▸ **Activity**:
After locating the line with "Gleich zwei Region-Alpes" below, output it and each following line exactly, stopping after the line with "Vintage Seth Thomas". No pictures.

▸ **Entries shown**:
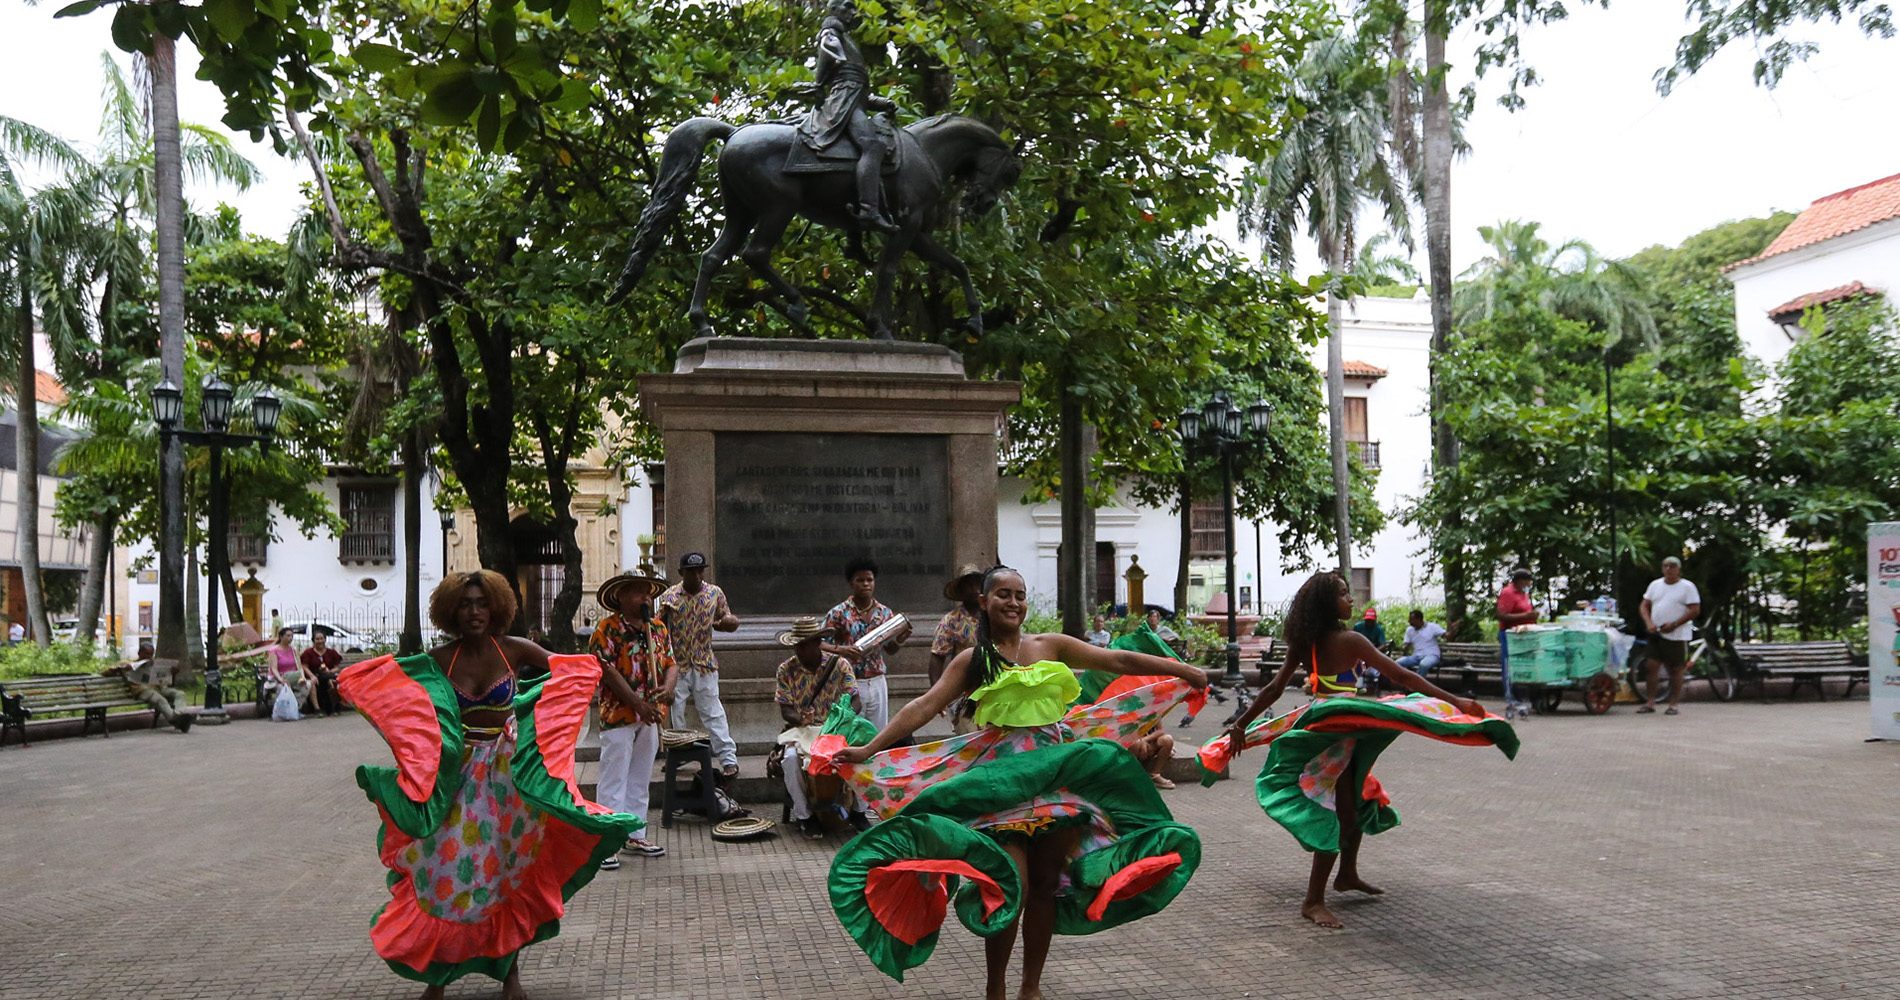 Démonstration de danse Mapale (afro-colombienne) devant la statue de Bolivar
--
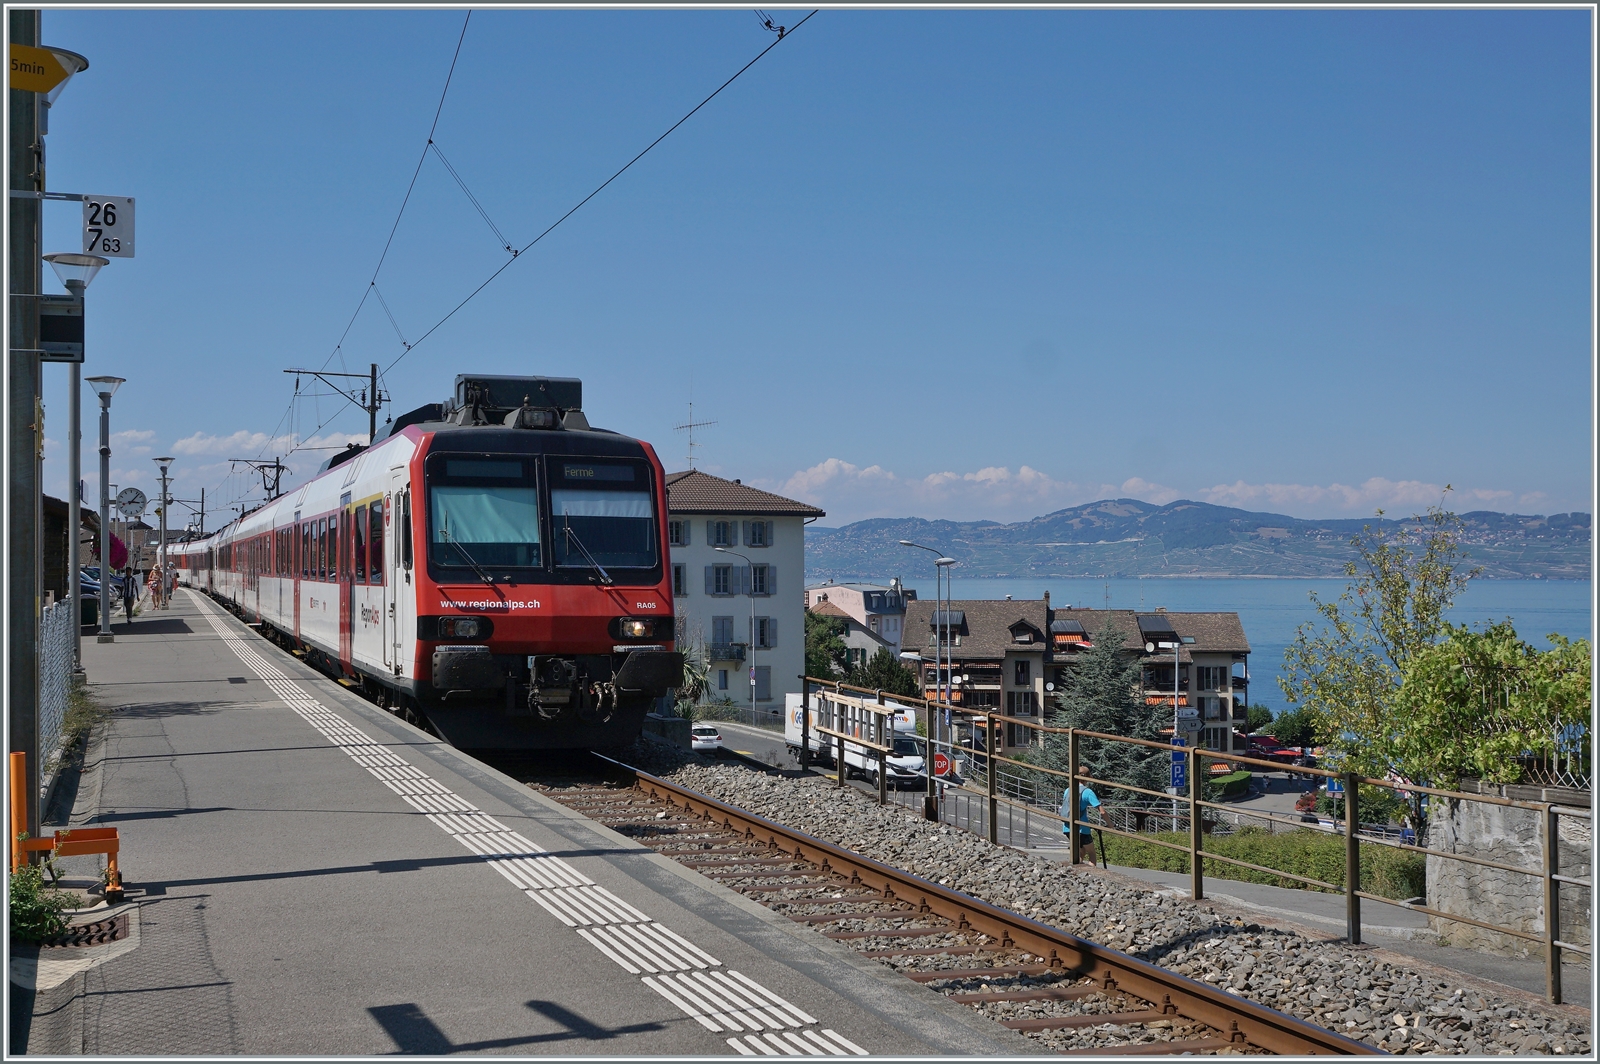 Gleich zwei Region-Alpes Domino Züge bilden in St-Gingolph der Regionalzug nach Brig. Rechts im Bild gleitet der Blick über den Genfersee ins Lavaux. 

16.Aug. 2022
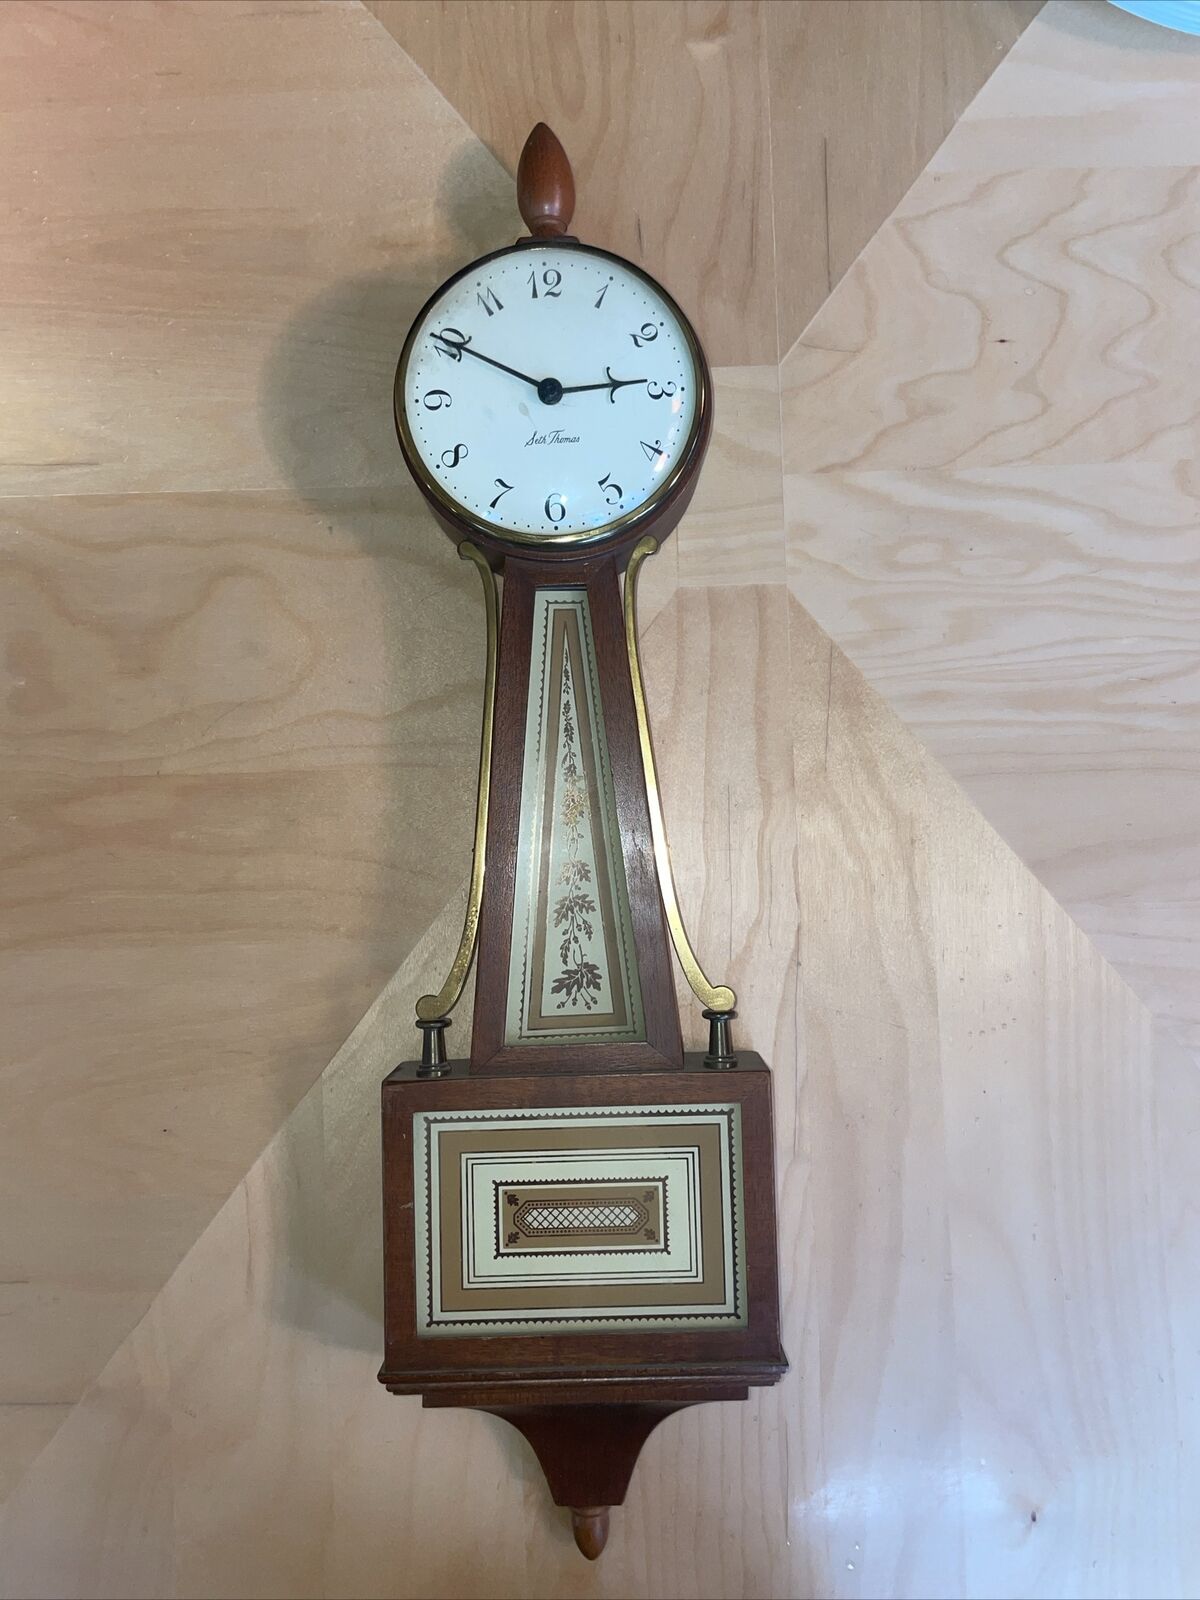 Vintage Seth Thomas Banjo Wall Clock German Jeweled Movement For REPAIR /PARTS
---
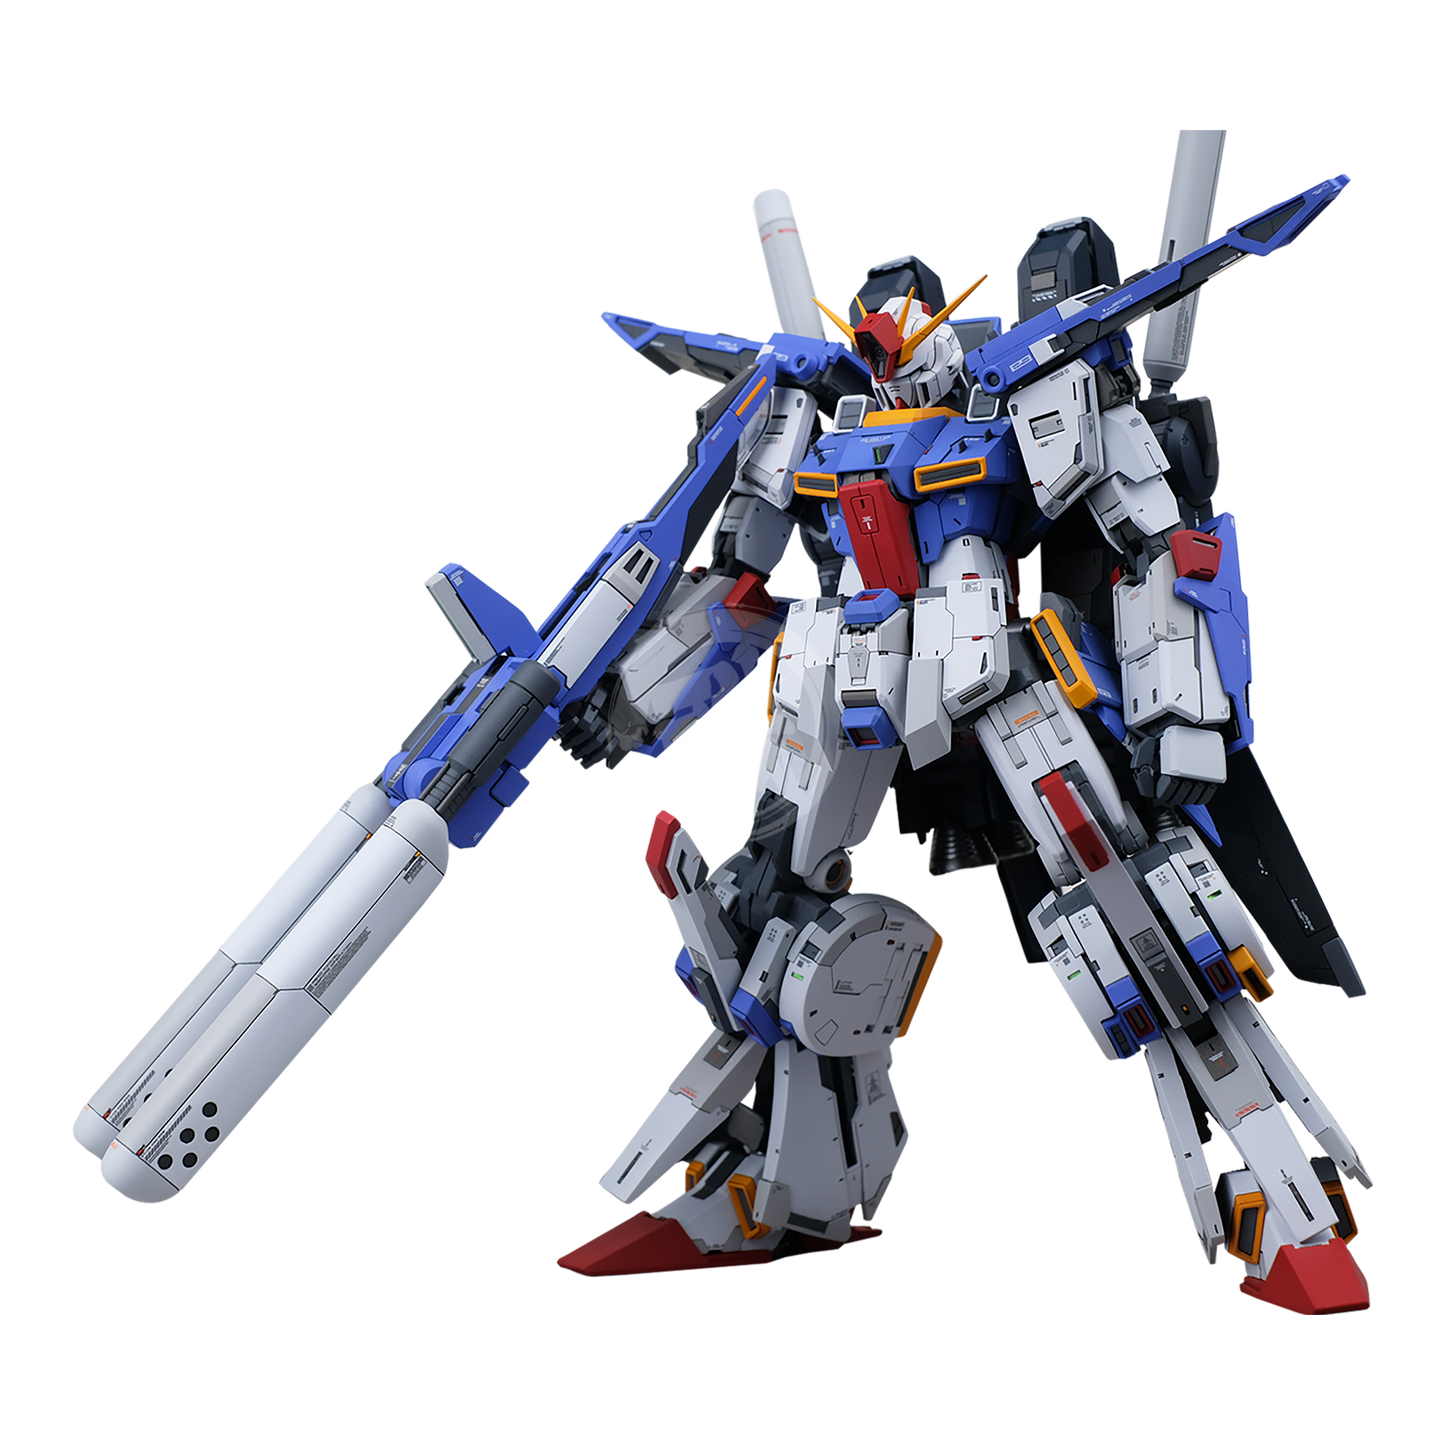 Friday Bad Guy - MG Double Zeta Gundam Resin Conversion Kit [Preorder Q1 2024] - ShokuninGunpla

▸ **Task output**:
 Gleich zwei Region-Alpes Domino Züge bilden in St-Gingolph der Regionalzug nach Brig. Rechts im Bild gleitet der Blick über den Genfersee ins Lavaux. 

16.Aug. 2022
 Vintage Seth Thomas Banjo Wall Clock German Jeweled Movement For REPAIR /PARTS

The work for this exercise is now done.